- **DATA BELOW**

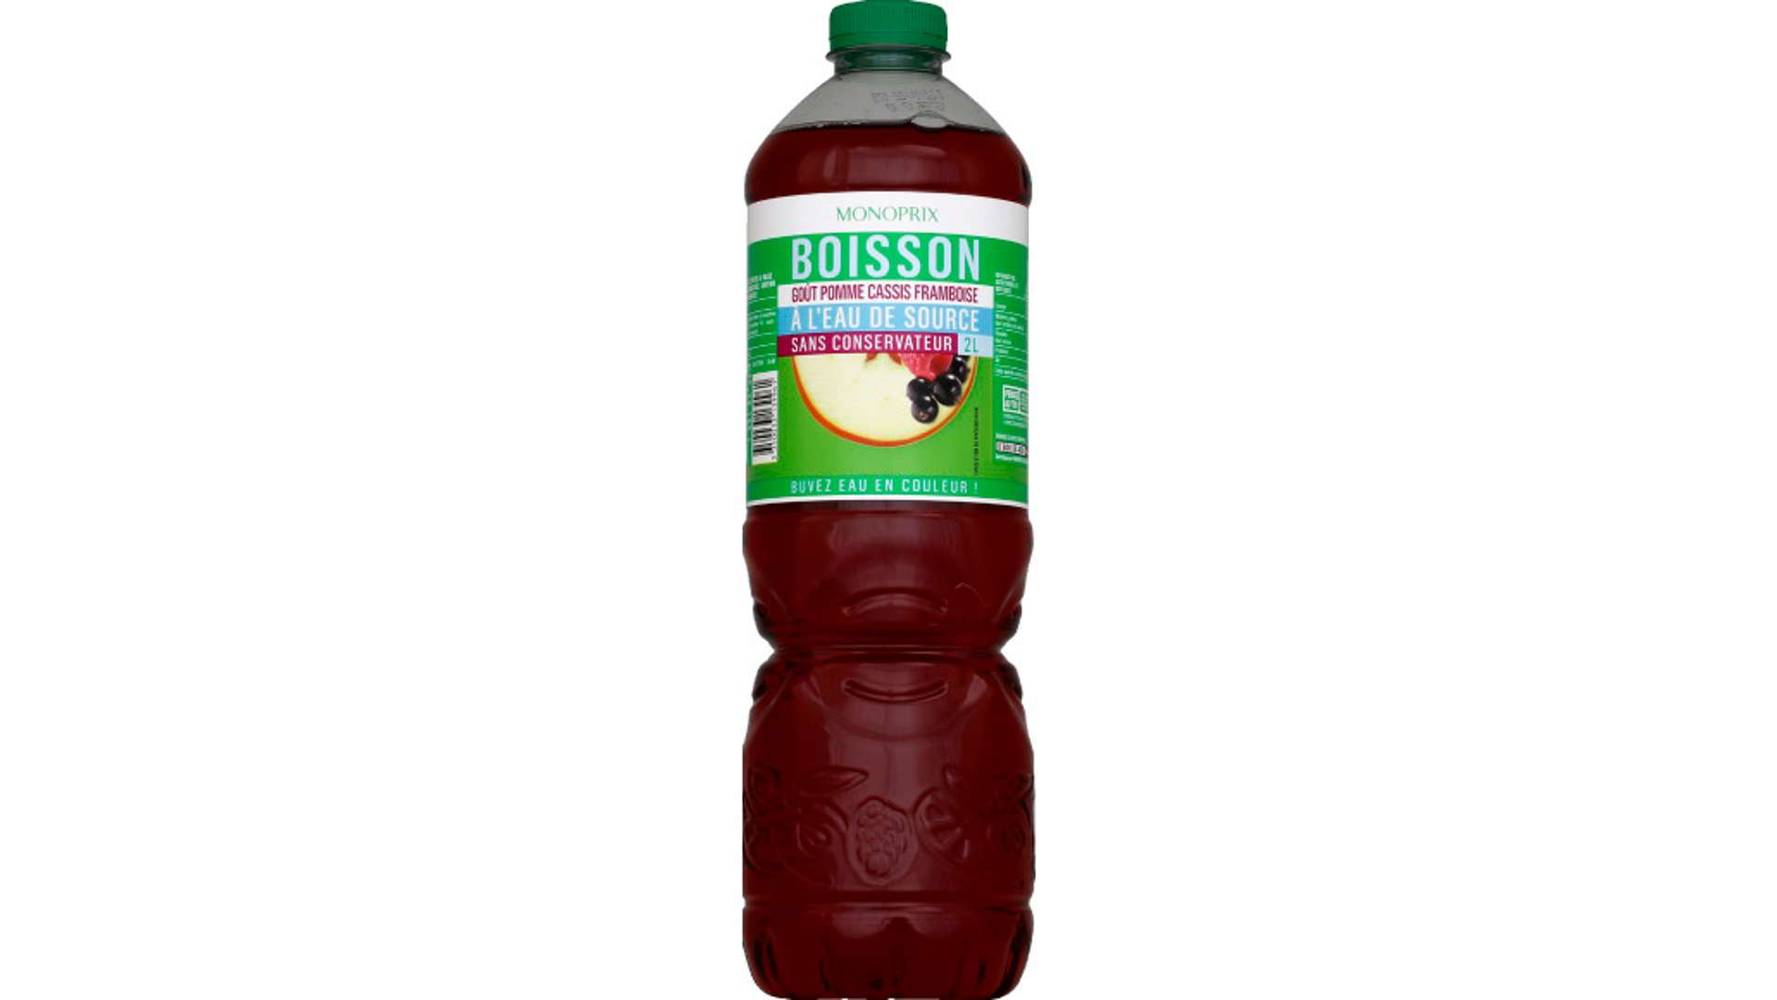 Monoprix Boisson goût pomme cassis framboise à l'eau de source La bouteille de 2 l
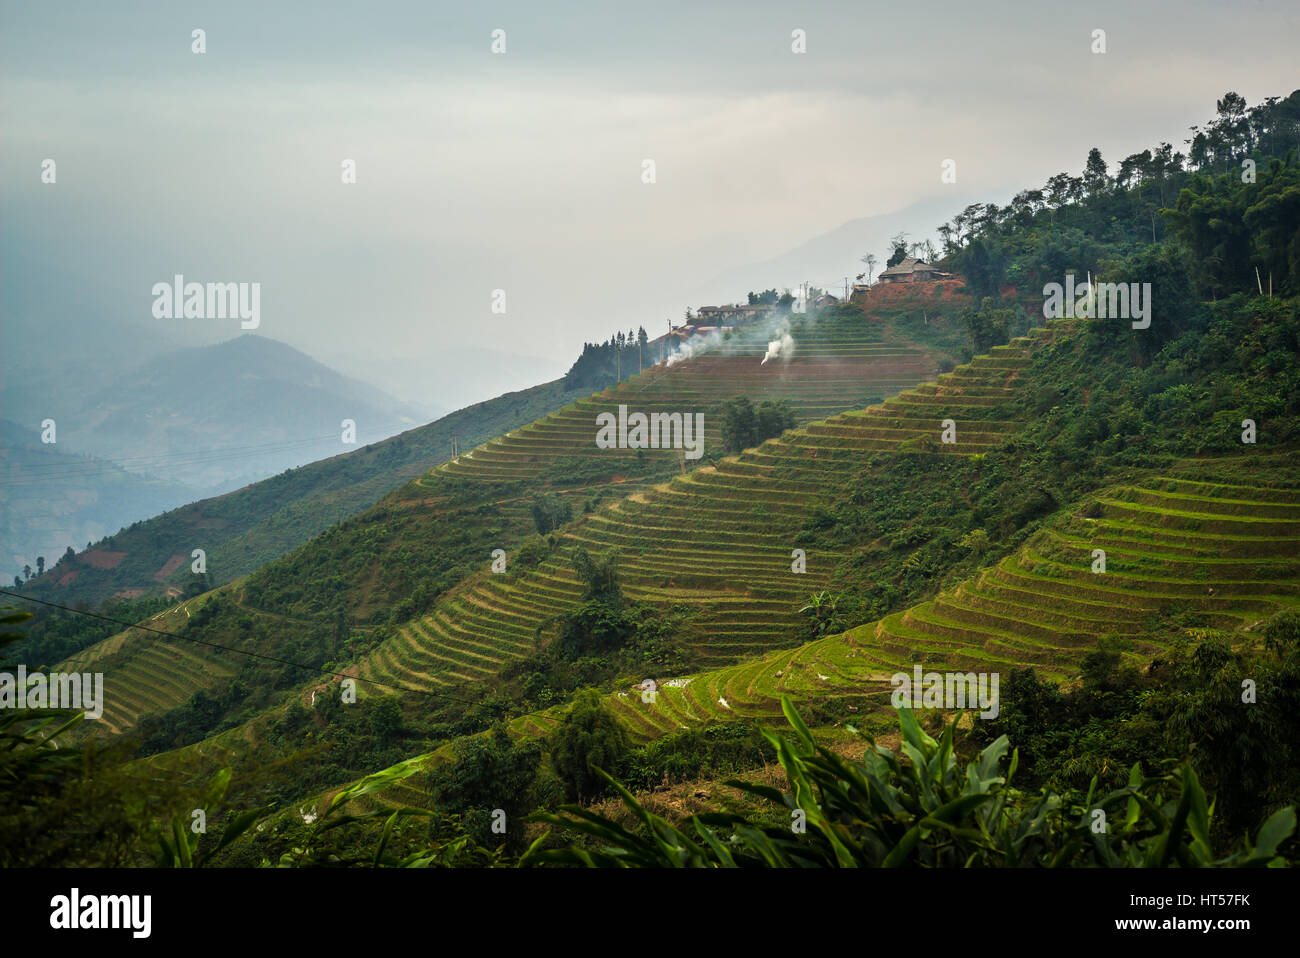 Meravigliose terrazze di riso nelle montagne della regione di Sapa in Vietnam Foto Stock
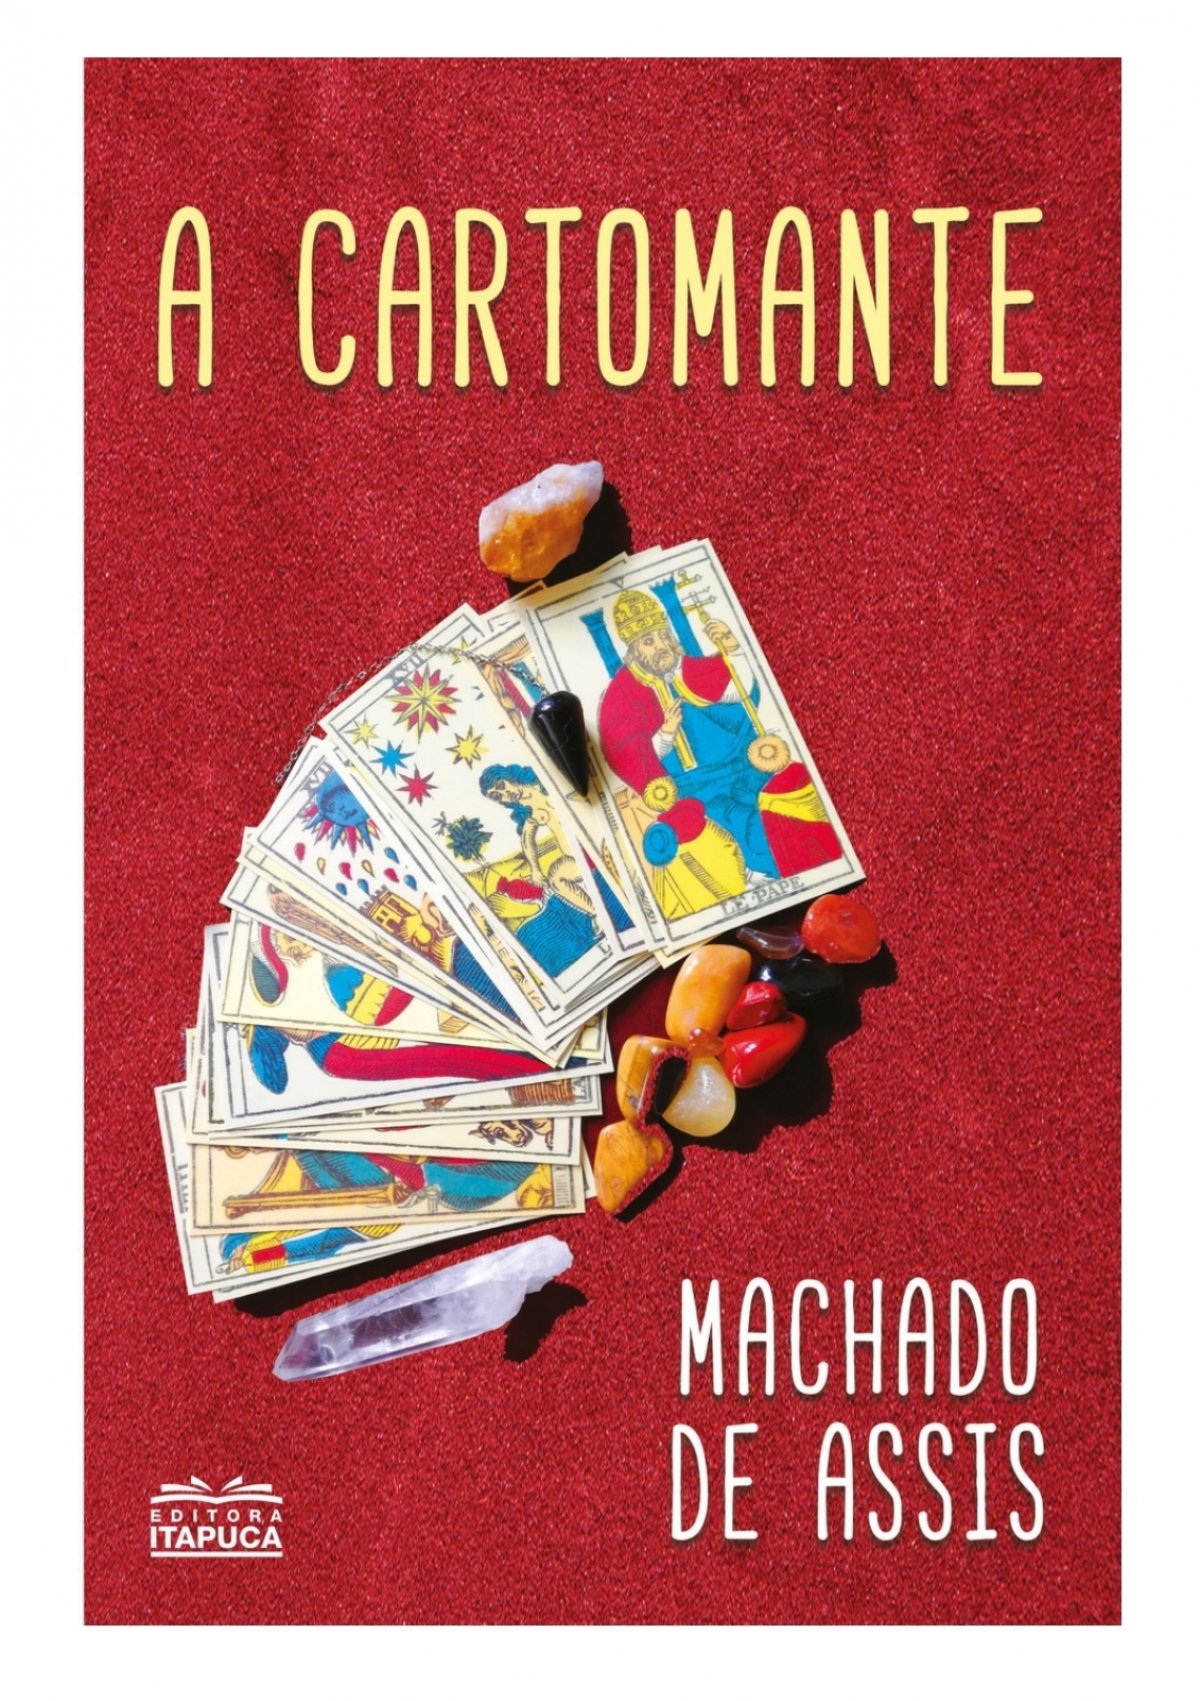 DOWNLOAD Free PDF A Cartomante BY Machado de Assis
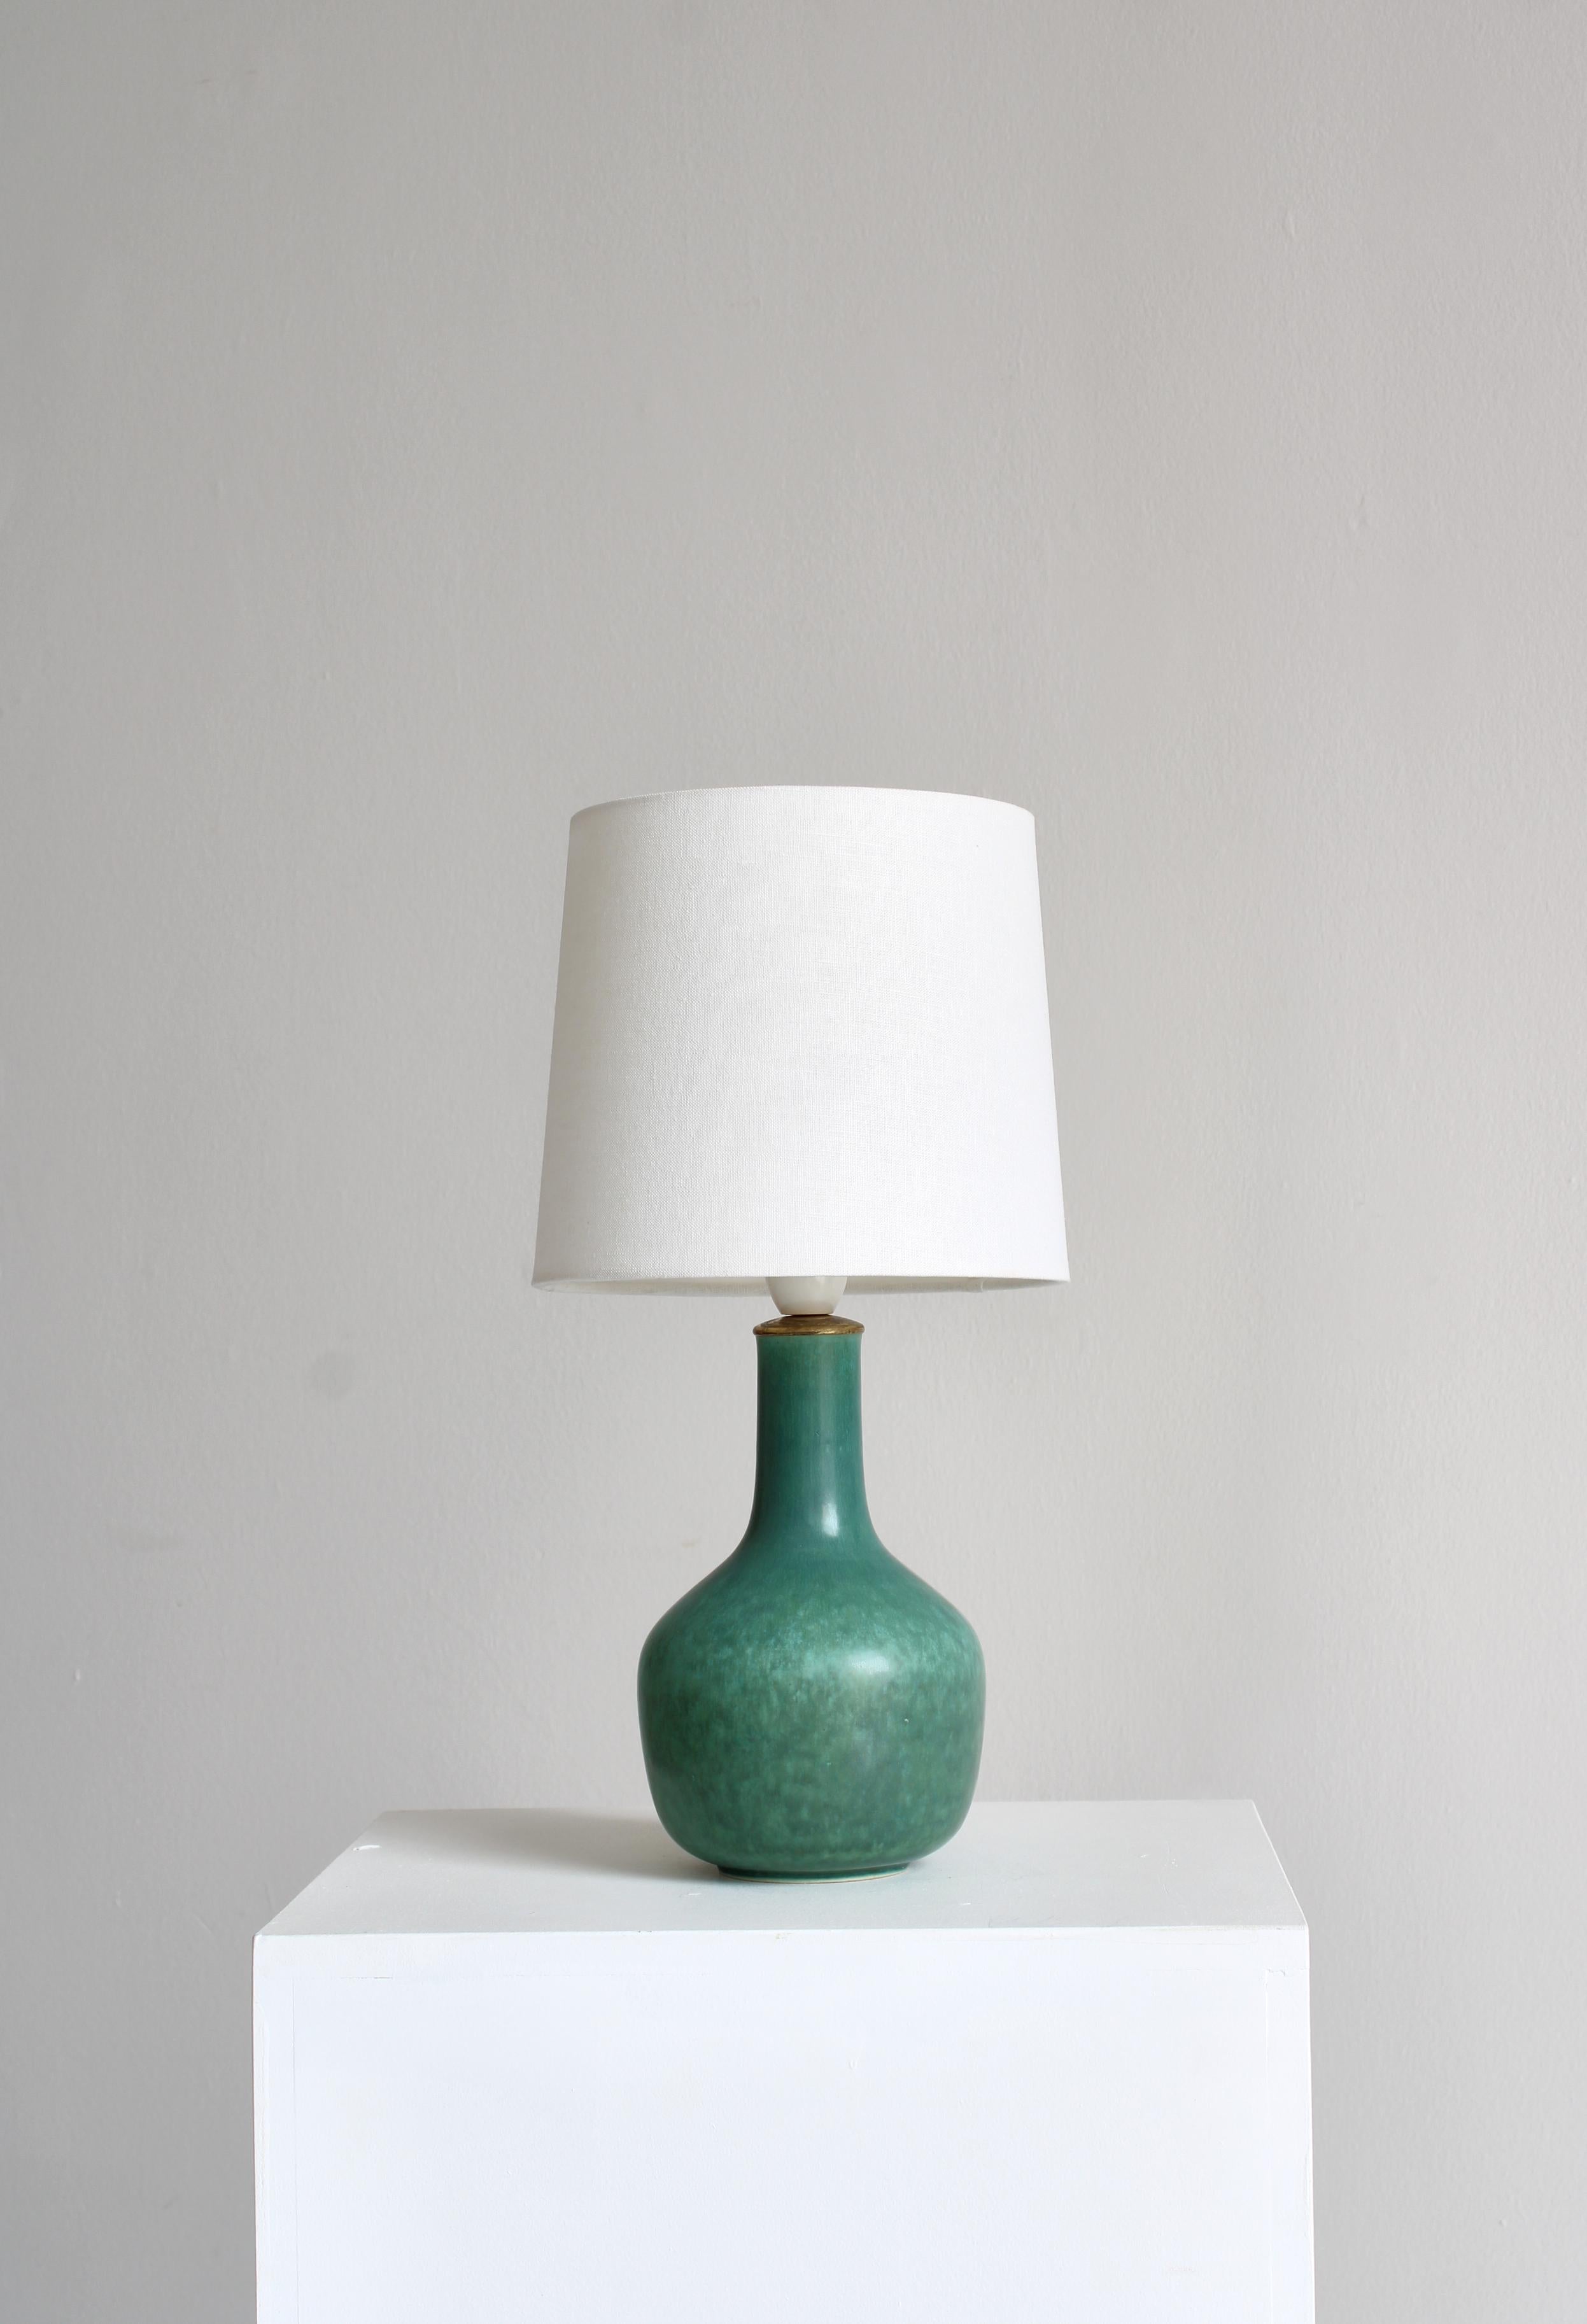 Rare lampe de table en grès modèle 469 de la poterie Saxbo, Danemark. Fabriquée par Eva Staehr-Nielsen dans les années 1940 et décorée d'un merveilleux glaçage vert en forme de lièvre. Monture originale en laiton et bakélite. Signé

- **WHAT YOU HAVE TO DO**
Omit the pictures, then repeat exactly each line from the beginning of the listing through the line with "DOWNLOAD Free PDF".

- **COMPLETED EXERCISE**
 Monoprix Boisson goût pomme cassis framboise à l'eau de source La bouteille de 2 l
 Meravigliose terrazze di riso nelle montagne della regione di Sapa in Vietnam Foto Stock
 DOWNLOAD Free PDF A Cartomante BY Machado de Assis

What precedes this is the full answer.